Source records
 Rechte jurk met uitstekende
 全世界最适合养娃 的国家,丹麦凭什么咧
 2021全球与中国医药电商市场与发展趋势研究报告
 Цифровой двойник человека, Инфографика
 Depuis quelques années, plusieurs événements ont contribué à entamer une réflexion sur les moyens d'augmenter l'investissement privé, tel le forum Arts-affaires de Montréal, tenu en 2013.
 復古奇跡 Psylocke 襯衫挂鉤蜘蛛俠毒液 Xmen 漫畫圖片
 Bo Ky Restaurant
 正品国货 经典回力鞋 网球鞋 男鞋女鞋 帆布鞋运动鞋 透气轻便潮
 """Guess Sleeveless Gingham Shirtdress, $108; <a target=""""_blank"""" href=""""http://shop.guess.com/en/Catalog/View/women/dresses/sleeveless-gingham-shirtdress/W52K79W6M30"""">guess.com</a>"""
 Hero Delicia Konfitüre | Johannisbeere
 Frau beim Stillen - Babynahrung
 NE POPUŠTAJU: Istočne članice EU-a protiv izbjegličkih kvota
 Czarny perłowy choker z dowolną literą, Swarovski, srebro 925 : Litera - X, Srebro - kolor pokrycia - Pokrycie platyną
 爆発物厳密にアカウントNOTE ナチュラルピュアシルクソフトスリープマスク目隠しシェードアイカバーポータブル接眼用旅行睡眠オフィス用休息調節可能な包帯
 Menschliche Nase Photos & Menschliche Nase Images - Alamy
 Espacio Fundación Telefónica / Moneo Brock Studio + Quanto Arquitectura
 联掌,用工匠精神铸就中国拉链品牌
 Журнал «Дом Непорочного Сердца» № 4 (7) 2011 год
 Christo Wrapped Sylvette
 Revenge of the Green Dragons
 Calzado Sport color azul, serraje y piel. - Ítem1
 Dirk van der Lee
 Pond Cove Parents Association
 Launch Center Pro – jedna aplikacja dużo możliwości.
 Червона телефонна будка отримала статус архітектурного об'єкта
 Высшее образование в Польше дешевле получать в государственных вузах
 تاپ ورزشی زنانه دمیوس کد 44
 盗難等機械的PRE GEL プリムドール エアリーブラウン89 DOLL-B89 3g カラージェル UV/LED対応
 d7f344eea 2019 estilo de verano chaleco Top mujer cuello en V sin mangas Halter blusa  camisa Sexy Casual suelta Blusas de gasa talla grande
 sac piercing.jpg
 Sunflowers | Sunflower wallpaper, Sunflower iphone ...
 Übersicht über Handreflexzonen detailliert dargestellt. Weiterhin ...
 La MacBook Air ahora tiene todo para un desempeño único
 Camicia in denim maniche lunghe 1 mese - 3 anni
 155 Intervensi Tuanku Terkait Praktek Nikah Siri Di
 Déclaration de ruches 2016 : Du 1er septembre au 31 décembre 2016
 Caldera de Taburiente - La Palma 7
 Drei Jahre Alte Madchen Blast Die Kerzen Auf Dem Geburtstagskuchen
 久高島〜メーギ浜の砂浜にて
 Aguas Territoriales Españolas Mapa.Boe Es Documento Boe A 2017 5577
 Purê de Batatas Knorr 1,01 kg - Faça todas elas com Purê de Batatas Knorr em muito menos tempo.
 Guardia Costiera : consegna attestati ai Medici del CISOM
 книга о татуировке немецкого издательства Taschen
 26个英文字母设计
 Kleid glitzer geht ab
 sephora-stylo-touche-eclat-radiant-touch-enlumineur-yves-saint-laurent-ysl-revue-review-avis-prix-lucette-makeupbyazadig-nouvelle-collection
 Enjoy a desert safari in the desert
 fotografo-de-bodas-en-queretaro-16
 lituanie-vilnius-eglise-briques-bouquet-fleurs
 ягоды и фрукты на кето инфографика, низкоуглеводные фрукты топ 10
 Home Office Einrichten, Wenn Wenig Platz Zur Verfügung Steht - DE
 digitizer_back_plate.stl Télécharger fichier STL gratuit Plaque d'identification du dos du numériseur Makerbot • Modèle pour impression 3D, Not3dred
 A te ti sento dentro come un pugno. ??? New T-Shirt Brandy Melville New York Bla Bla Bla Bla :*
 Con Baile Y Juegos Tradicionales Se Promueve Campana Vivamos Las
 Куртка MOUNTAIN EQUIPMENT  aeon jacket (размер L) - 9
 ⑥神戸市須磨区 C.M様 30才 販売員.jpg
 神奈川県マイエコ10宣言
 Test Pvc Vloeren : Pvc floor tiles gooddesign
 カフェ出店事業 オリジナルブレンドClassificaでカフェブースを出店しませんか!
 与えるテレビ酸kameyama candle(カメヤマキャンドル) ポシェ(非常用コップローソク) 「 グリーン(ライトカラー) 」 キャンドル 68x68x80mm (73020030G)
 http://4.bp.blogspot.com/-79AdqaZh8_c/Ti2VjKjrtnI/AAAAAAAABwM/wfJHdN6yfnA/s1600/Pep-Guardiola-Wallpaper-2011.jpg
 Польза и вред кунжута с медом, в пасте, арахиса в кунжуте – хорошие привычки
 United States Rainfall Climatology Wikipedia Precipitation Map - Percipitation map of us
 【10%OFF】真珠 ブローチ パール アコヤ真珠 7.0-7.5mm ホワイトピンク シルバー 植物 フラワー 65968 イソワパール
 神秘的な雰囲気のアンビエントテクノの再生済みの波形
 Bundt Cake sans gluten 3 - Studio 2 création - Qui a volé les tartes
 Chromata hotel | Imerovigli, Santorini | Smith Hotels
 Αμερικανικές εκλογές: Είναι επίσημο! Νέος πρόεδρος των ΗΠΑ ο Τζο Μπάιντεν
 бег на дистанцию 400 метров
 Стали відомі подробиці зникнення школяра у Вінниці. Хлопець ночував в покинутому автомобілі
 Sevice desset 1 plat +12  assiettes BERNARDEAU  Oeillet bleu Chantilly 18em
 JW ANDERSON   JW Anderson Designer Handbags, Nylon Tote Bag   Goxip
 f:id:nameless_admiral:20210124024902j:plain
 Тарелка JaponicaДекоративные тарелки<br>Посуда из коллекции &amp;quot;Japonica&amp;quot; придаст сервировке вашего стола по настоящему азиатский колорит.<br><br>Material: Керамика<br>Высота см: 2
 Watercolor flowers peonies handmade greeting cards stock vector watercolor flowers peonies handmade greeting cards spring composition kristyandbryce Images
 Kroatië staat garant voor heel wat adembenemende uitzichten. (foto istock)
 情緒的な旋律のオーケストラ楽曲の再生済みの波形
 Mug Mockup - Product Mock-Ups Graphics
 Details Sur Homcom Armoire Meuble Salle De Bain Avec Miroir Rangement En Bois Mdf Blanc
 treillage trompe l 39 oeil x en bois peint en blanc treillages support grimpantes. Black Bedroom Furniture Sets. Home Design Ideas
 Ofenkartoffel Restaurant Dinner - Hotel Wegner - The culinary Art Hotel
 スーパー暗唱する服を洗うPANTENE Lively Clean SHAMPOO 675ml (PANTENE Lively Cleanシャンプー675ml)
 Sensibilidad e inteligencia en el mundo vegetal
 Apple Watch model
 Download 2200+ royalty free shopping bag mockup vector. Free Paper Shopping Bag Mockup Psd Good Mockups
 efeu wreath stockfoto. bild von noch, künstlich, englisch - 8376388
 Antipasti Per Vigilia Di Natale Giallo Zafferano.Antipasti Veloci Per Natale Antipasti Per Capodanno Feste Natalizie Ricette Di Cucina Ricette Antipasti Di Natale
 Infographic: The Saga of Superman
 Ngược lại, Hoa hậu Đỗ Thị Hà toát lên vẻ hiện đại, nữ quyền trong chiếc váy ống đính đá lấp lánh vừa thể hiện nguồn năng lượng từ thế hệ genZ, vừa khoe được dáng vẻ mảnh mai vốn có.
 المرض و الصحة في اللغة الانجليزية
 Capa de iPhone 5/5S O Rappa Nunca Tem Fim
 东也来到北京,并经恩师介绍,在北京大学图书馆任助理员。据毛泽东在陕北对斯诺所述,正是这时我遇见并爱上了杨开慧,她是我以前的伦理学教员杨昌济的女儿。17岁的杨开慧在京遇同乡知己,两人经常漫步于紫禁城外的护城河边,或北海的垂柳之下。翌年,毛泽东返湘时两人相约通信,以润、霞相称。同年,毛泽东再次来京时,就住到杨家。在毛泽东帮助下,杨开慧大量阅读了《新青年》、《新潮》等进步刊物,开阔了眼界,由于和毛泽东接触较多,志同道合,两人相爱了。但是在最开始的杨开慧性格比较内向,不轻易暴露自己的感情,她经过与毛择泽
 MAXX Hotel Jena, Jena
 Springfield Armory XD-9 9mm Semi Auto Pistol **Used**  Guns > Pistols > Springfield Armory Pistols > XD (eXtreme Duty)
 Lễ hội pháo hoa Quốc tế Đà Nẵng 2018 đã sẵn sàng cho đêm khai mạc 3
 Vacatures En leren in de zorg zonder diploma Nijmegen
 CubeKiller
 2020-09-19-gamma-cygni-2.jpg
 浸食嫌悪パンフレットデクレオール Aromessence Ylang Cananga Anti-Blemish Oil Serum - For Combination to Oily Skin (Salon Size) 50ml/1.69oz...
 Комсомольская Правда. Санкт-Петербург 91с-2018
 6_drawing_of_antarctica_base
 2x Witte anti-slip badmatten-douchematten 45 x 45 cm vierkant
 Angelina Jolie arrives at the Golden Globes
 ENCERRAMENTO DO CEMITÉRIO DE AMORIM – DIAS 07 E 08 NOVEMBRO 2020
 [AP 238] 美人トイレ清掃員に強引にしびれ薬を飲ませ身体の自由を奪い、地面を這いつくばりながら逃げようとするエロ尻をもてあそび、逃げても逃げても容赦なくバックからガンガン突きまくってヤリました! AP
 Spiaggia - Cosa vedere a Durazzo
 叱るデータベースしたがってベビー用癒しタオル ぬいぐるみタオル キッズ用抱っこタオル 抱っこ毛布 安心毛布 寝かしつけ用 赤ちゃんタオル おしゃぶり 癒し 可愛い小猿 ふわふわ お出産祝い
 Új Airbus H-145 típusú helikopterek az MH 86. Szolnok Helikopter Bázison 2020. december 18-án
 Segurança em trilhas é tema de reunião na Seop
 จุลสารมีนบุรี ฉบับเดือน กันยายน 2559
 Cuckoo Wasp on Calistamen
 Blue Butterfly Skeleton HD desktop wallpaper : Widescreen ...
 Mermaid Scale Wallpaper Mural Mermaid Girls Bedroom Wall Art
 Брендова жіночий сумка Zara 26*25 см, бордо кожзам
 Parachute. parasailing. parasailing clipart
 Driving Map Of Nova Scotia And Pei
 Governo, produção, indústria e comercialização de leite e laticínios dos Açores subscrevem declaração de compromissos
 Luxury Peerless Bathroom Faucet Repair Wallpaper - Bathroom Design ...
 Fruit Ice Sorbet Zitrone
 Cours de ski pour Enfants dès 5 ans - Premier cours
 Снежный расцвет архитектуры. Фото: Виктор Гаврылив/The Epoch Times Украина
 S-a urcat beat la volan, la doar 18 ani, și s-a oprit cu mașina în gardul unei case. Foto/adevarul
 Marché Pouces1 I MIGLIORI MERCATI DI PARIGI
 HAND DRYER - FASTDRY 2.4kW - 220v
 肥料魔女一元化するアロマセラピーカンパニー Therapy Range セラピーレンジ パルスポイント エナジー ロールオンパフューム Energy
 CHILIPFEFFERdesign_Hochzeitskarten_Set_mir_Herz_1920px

__TASK TO CARRY OUT__. Of the entries above, transcribe exactly those lines that fall between the line containing "Enjoy a desert safari in the desert" and the line containing "カフェ出店事業 オリジナルブ", together with those two lines.

__WRITTEN ANSWER__.
 Enjoy a desert safari in the desert
 fotografo-de-bodas-en-queretaro-16
 lituanie-vilnius-eglise-briques-bouquet-fleurs
 ягоды и фрукты на кето инфографика, низкоуглеводные фрукты топ 10
 Home Office Einrichten, Wenn Wenig Platz Zur Verfügung Steht - DE
 digitizer_back_plate.stl Télécharger fichier STL gratuit Plaque d'identification du dos du numériseur Makerbot • Modèle pour impression 3D, Not3dred
 A te ti sento dentro come un pugno. ??? New T-Shirt Brandy Melville New York Bla Bla Bla Bla :*
 Con Baile Y Juegos Tradicionales Se Promueve Campana Vivamos Las
 Куртка MOUNTAIN EQUIPMENT  aeon jacket (размер L) - 9
 ⑥神戸市須磨区 C.M様 30才 販売員.jpg
 神奈川県マイエコ10宣言
 Test Pvc Vloeren : Pvc floor tiles gooddesign
 カフェ出店事業 オリジナルブレンドClassificaでカフェブースを出店しませんか!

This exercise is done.